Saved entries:
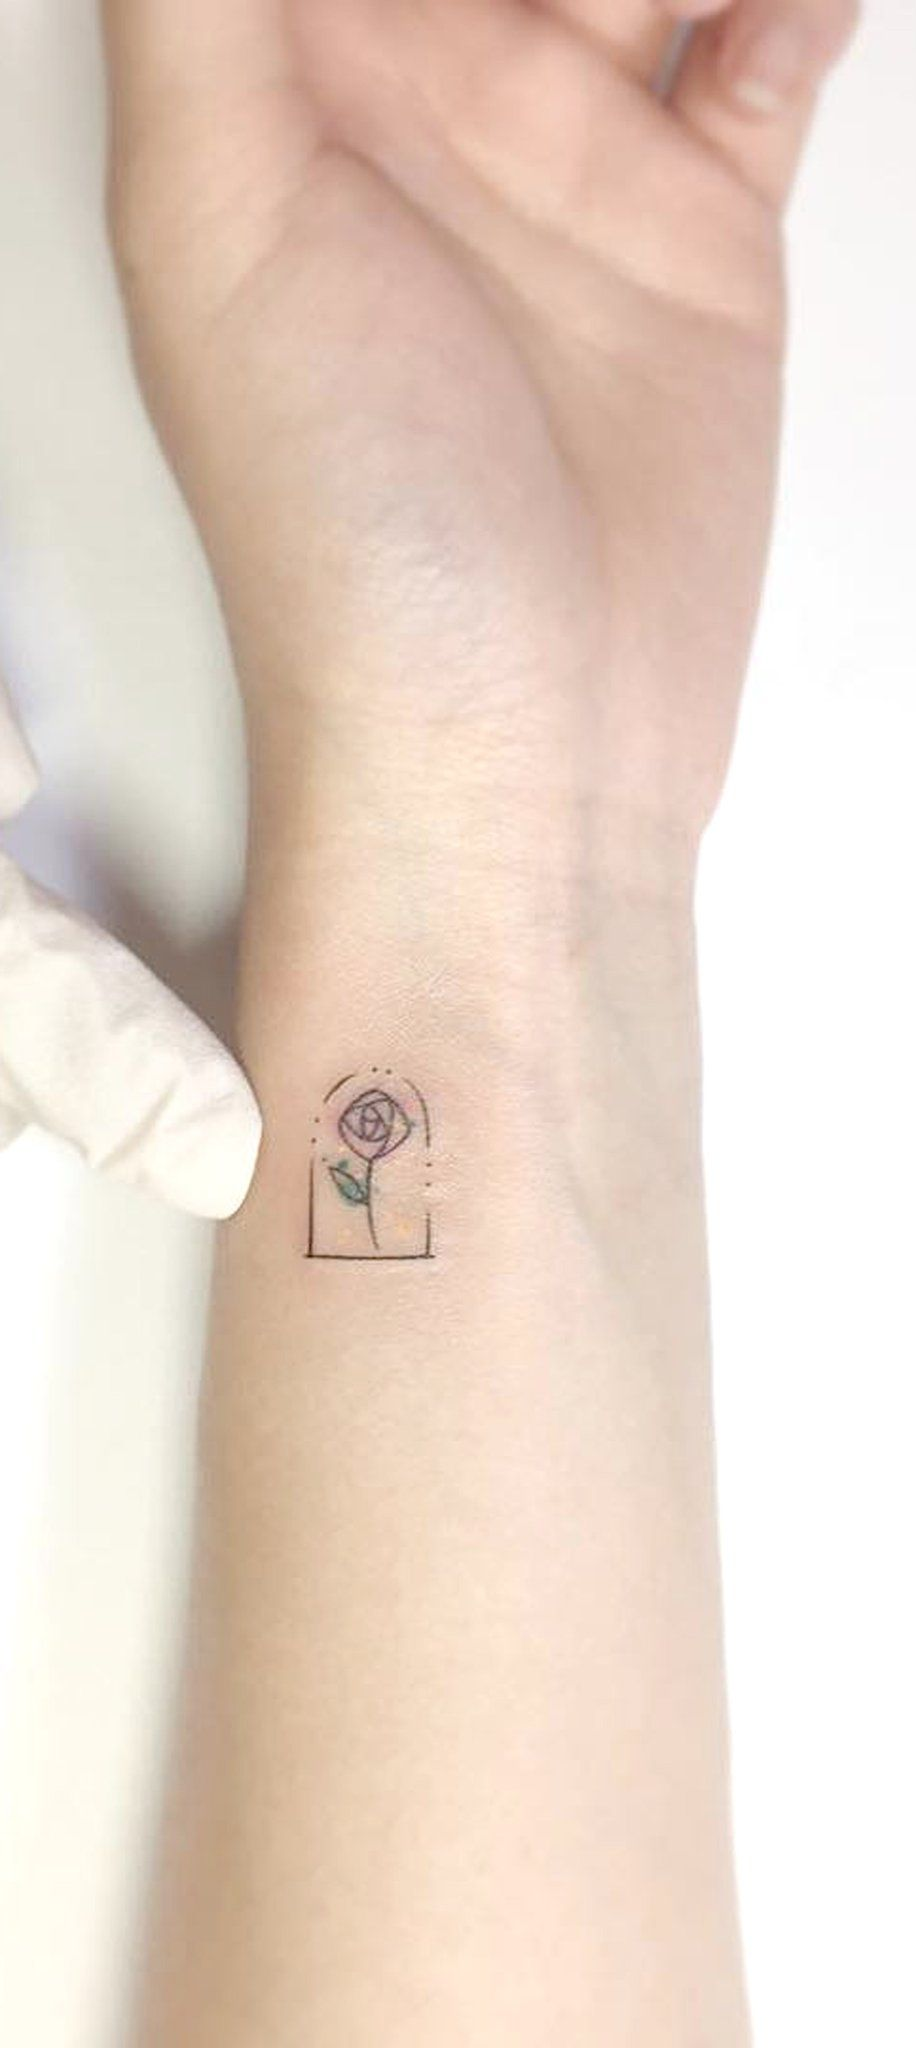 ac8190cf9 Small Flower Wrist Tattoo Ideas - Beauty and the Beast Disney Watercolor  Rose Arm Tatouage - www.MyBodiArt.com
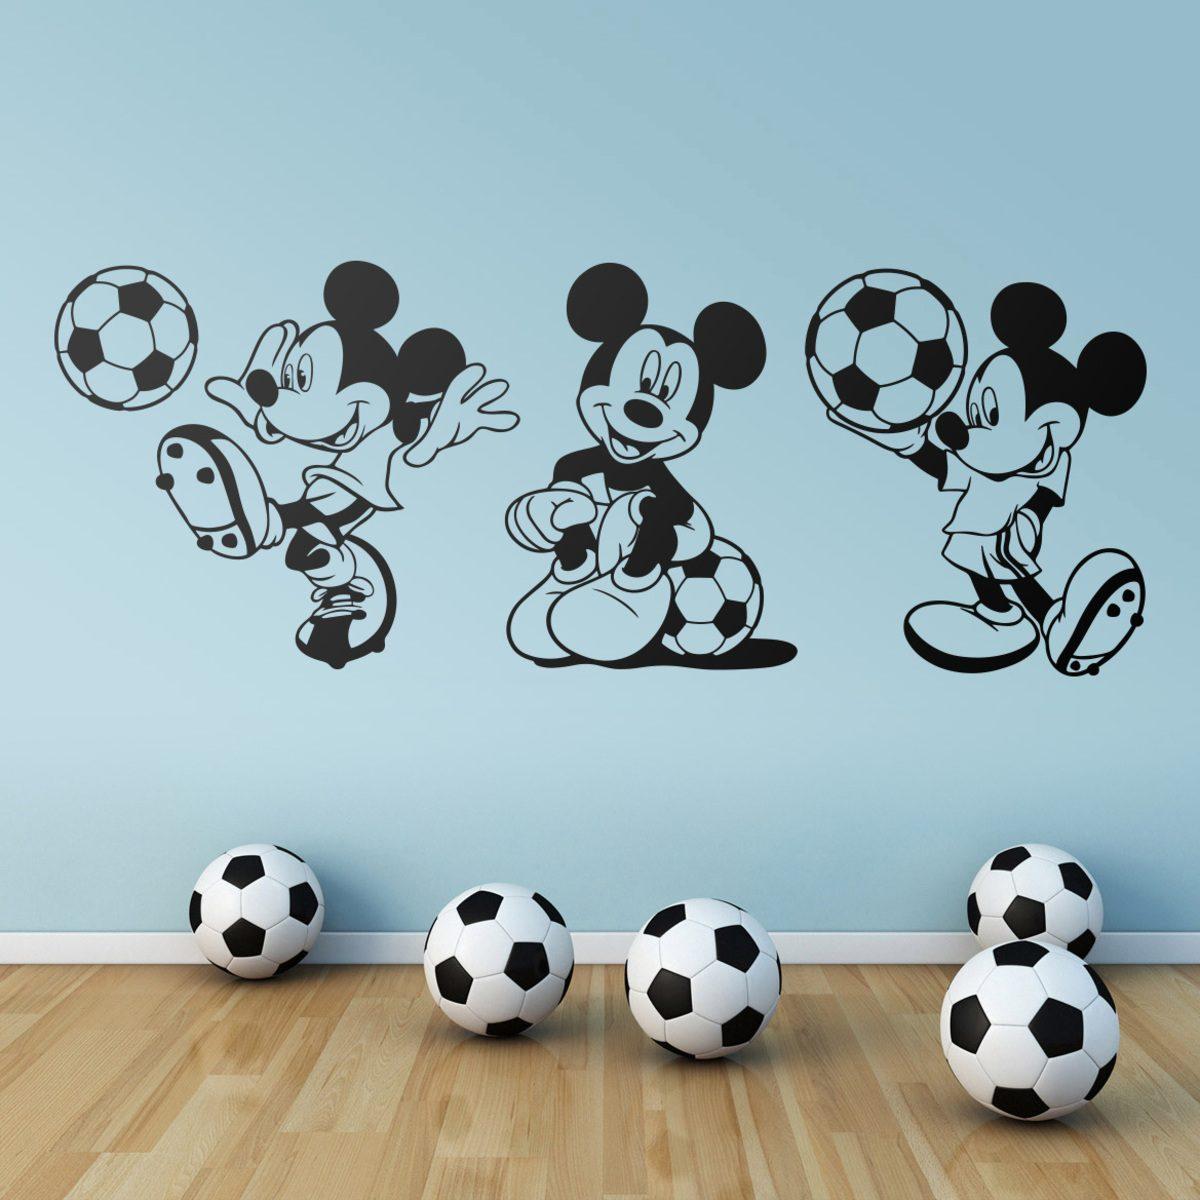 vinilo infantil con tr ptico de mickey mouse futbolista
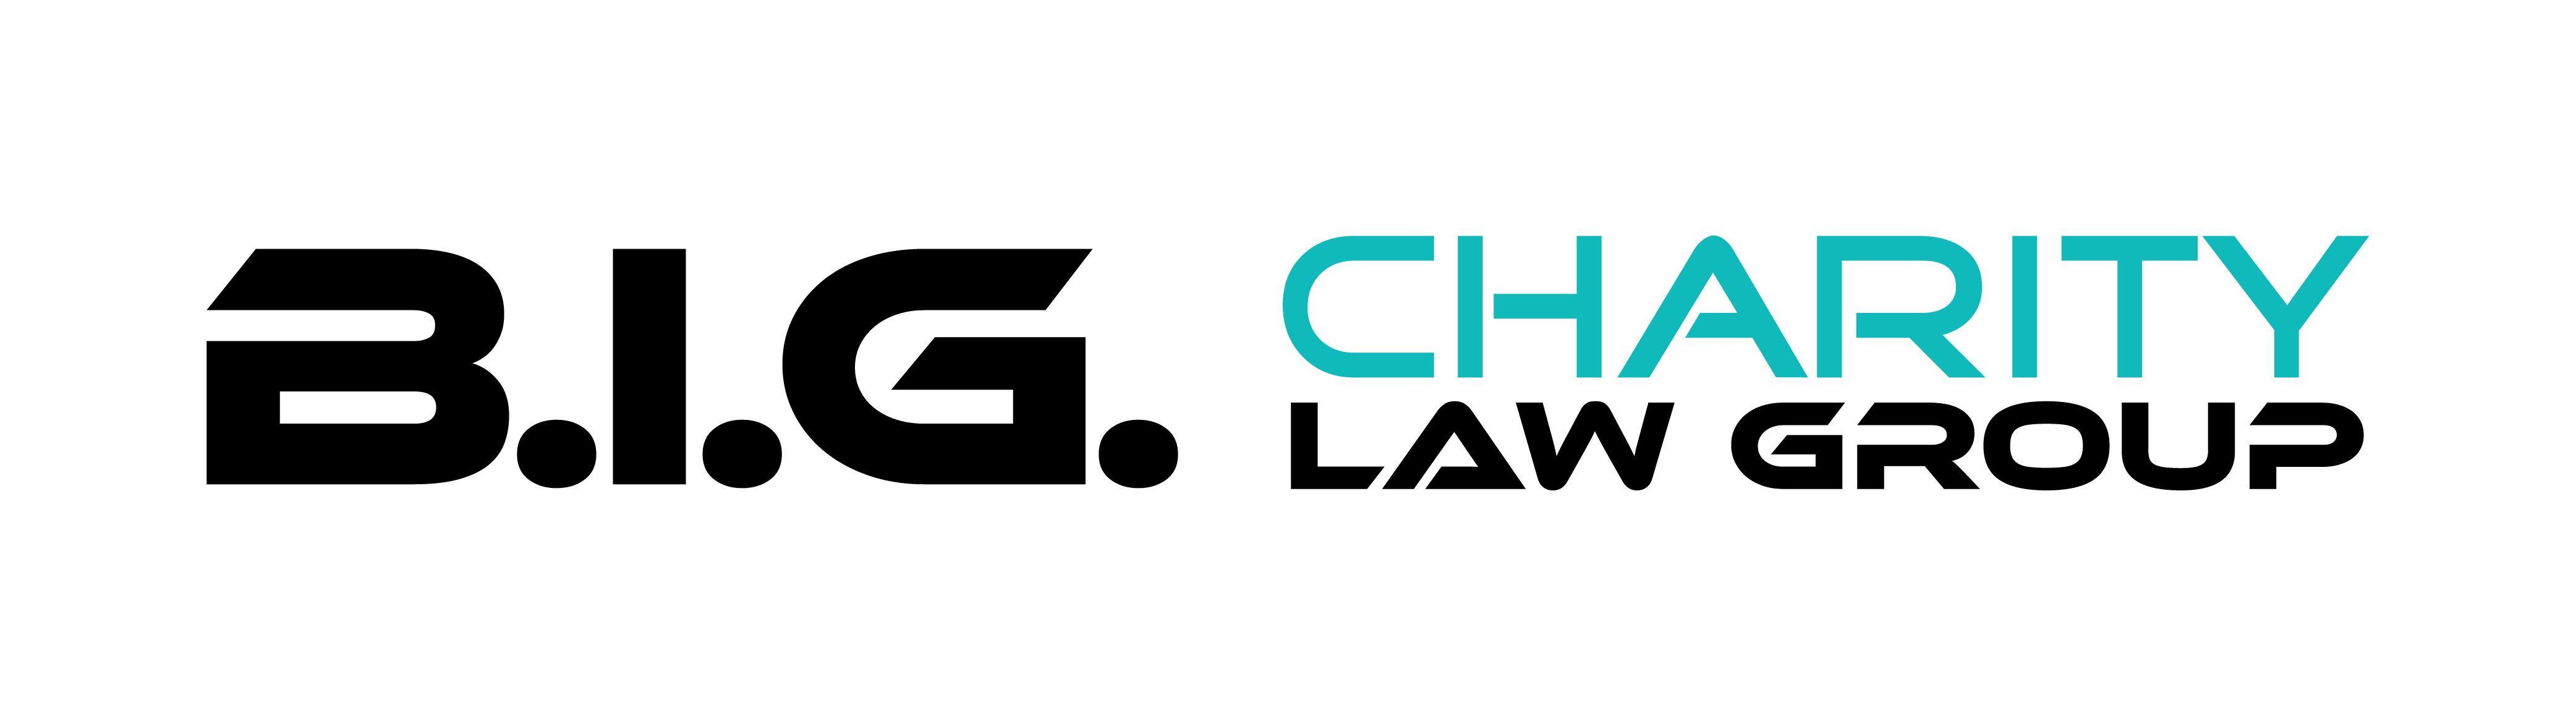 B.I.G. Charity Law Group
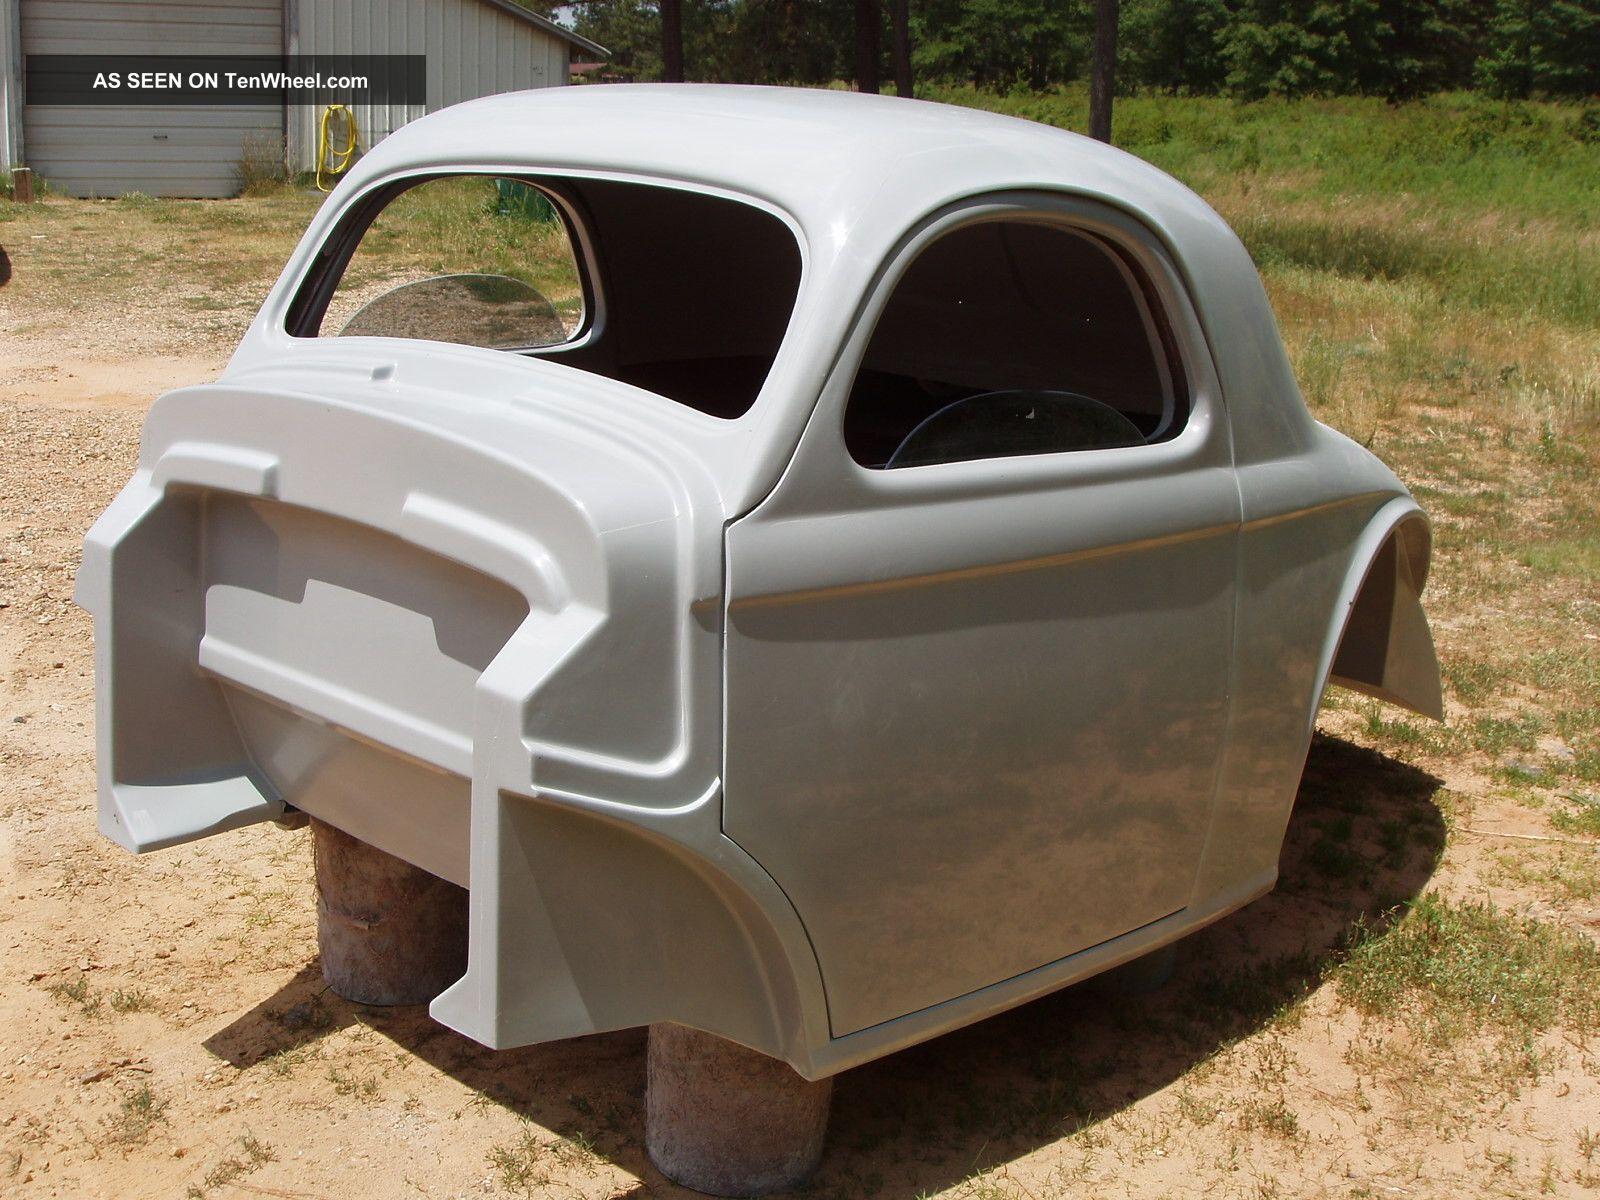 1932 ford fiberglass roadster body hot rod street rod rat rod kit car
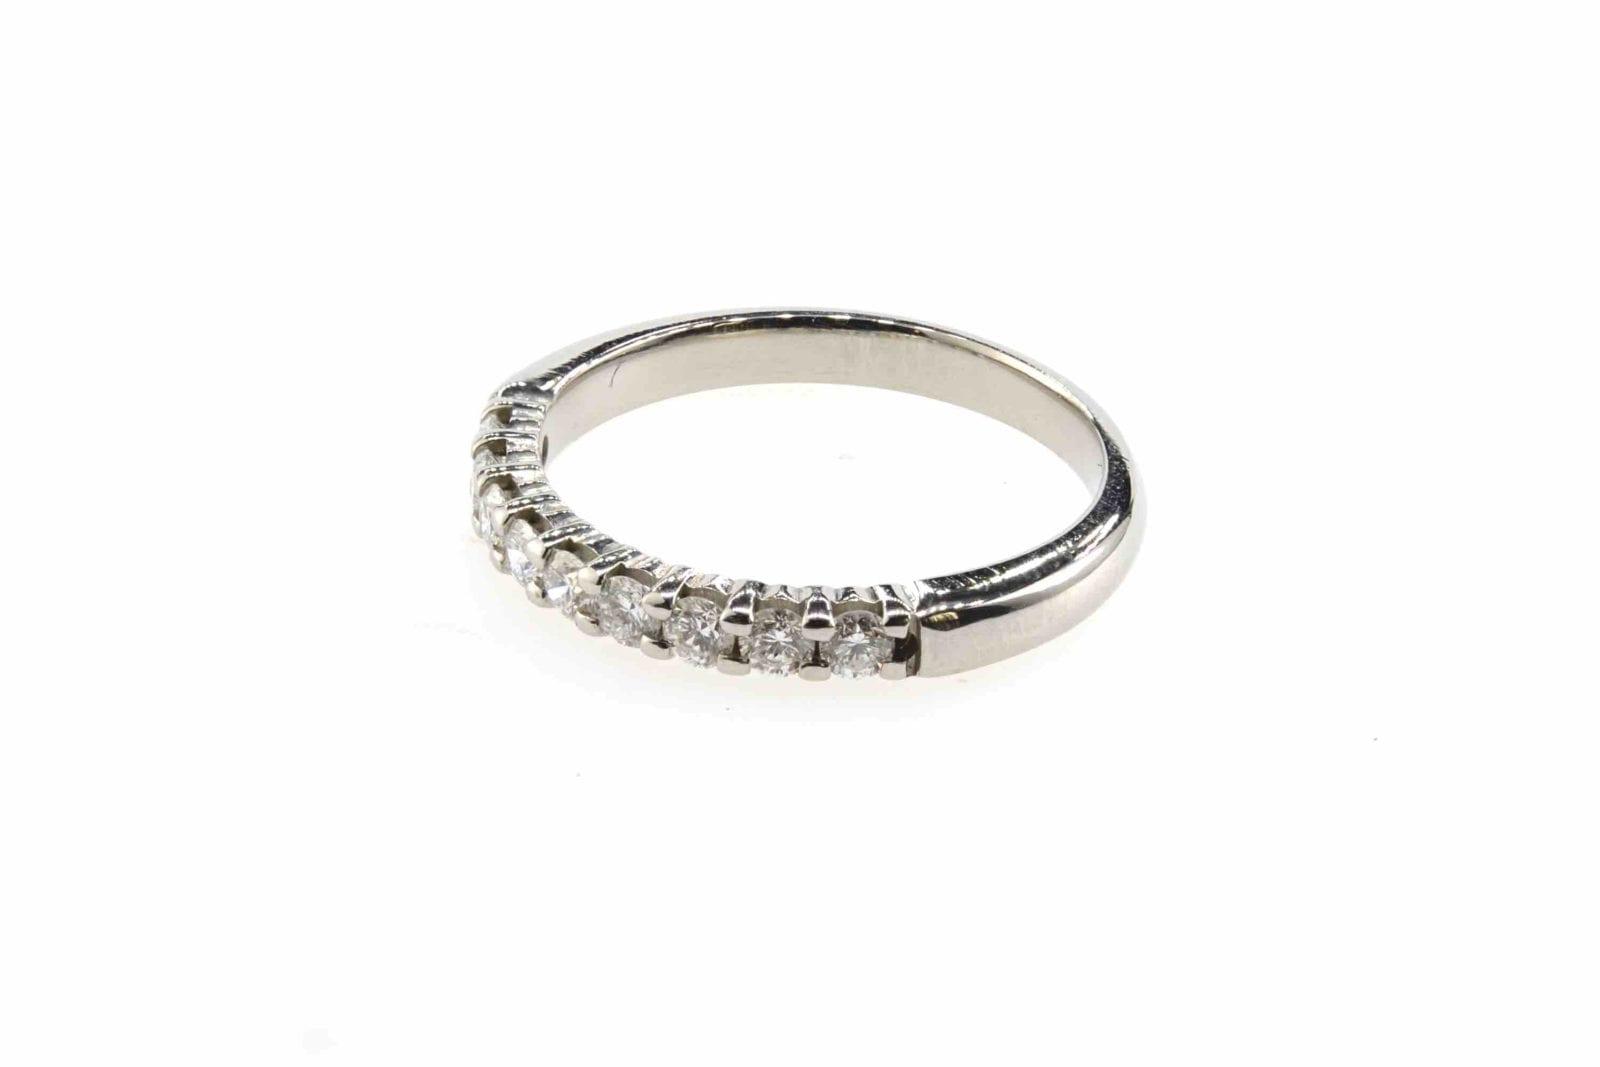 Alliance diamants demi-tour en or blanc 18k

» **WHAT YOU HAVE TO DO**: An exact copy is needed of every line from the one holding "vinilo infantil con" to the end of the entries above, both ends kept and each picture dropped.

» **RESPONSE BELOW**:
 vinilo infantil con tr ptico de mickey mouse futbolista
 B.I.G. Charity Law Group
 1932 ford fiberglass roadster body hot rod street rod rat rod kit car
 Alliance diamants demi-tour en or blanc 18k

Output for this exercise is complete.